Ingenhoven: Doch, natürlich brauchen wir Hochhäuser. Dort, wo auf wenig Fläche viele Menschen arbeiten und wohnen müssen, machen Hochhäuser absolut Sinn und sind unentbehrlich. Der Vorteil einer verantwortungsvollen Verdichtung liegt in den Synergieeffekten aus verkehrlicher Infrastruktur und einem geringeren Energie- und Ressourcenverbrauch . Allerdings sollten die regionalen und kulturellen Lebensbedingungen und auch die geographischen und klimatischen Umweltbedingungen berücksichtigt werden. Eine gigantische Höhe ist da meist nicht zielführend.

mm: Welche Höhe wäre denn sinnvoll?

Ingenhoven: Es kommt darauf an, was das Ziel ist. Vielleicht ist es sinnvoll in einer Stadt Gebäude von 300 Meter Höhe zu bauen. Die kann man gerade in die Höhe bauen und somit die Ressource Fläche voll ausnutzen.

mm: Das kann städtebaulich auch langweilig wirken.

Ingenhoven: Die Häuser lassen sich natürlich schon unterschiedlich gestalten; beeinflussen doch auch klimatische Bedingungen, Blickbeziehungen und städtebauliche Parameter die Form eines Hochhauses Aber bei Gebäudehöhen von 200 bis 300 Metern könnte man zum Beispiel beim Bau auf reine Stahlkonstruktionen verzichten, was schon mal ein wichtiger Beitrag zur Reduzierung des Materialinhärenten Energieverbrauchs wäre.

mm: Was sind die besonderen Herausforderungen an Architekten, derartige Gebäude zu bauen?

Ingenhoven: Wir versuchen ökologisch sinnvolle Gebäude zu bauen.
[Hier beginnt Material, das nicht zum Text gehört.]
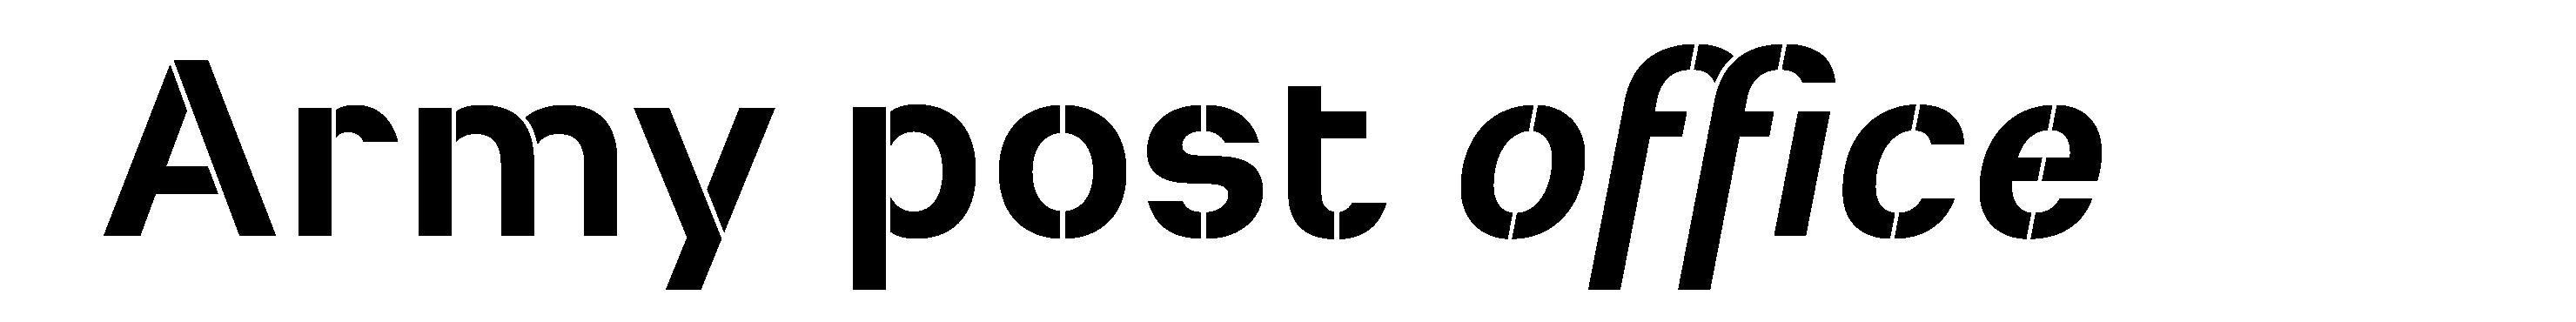 Typeface Heimat Stencil D011 Atlas Font Foundry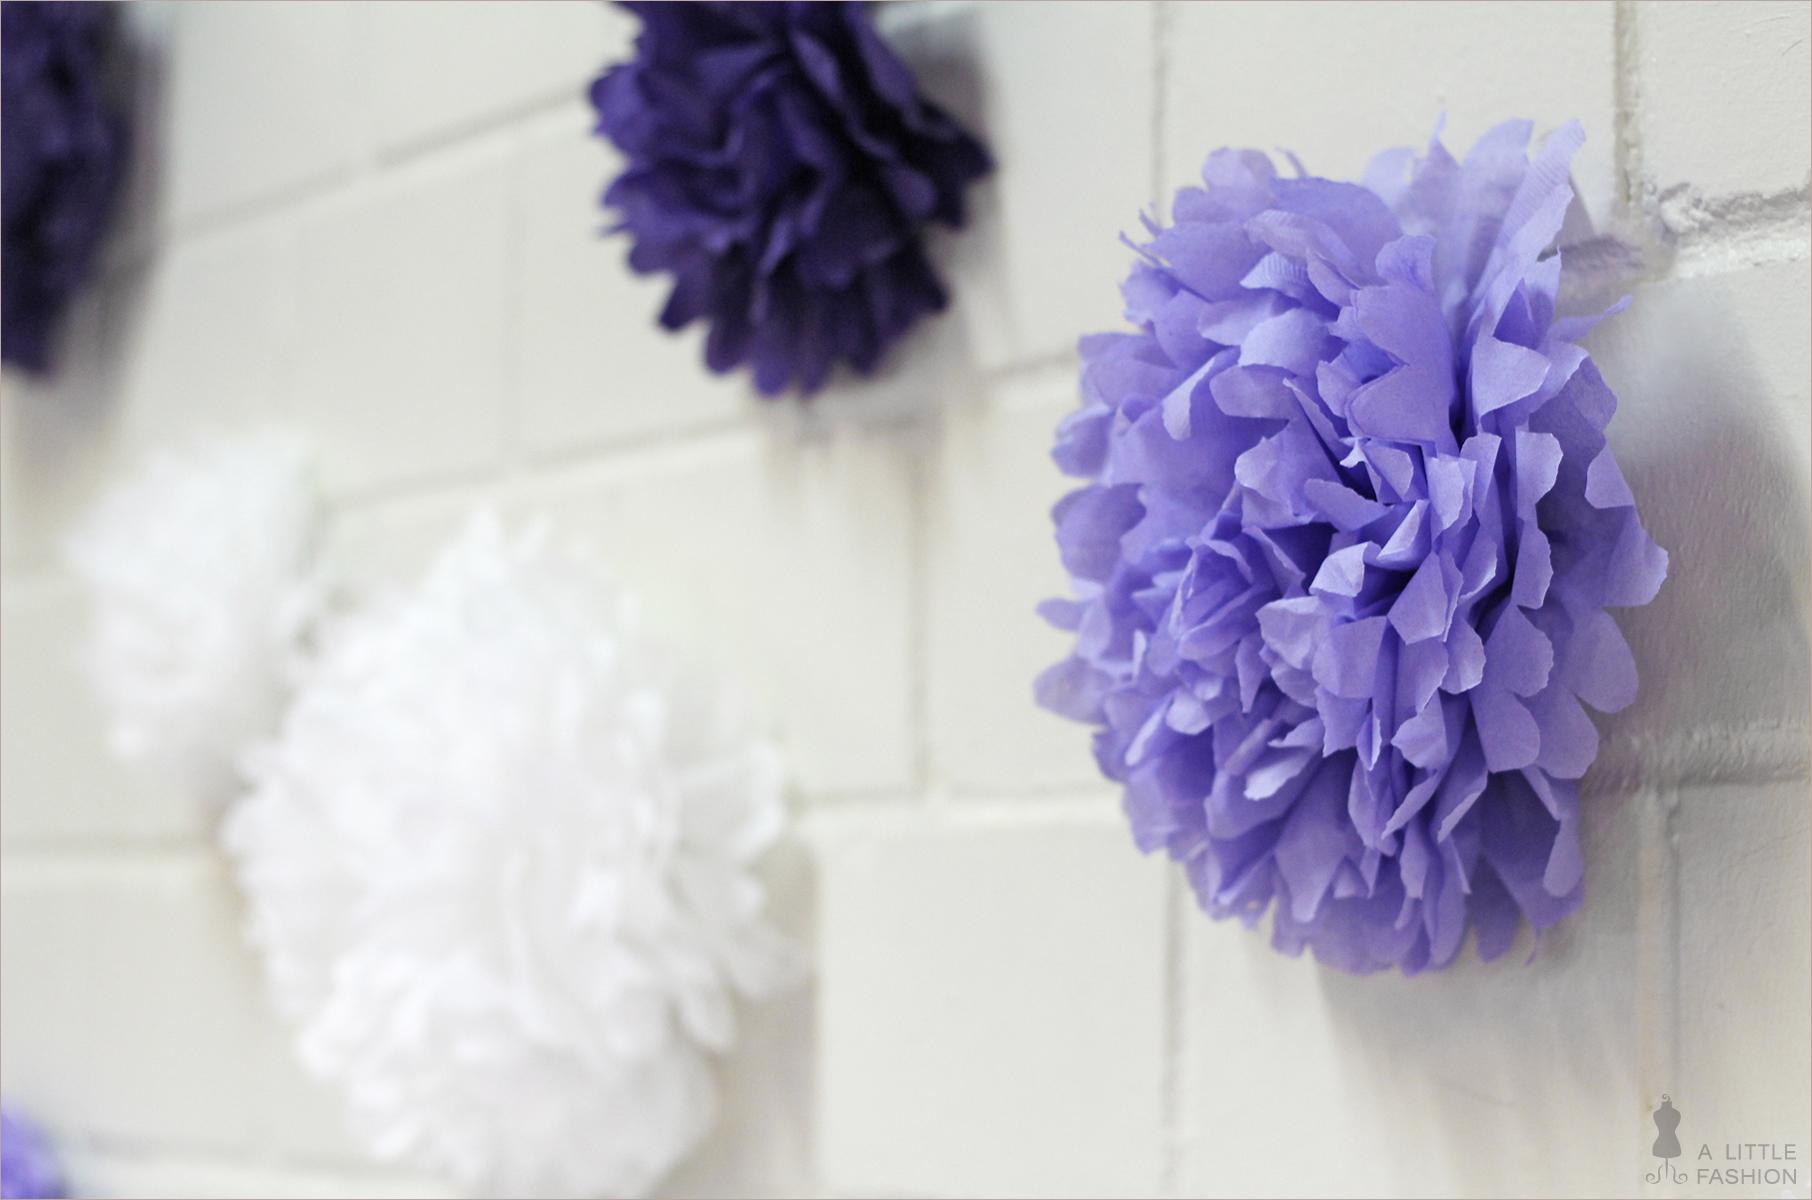 Zarte Pompons für die Wand

Das heißt unter anderem eben den Materialverbrauch und den Energieverbrauch zu reduzieren sowie für ein gutes Klima im Gebäude zu sorgen. Dann sind da Themen, wie man mit recycelbaren Materialien arbeiten kann. Sehr wichtige Punkte sind Flexibilität und Reversibilität.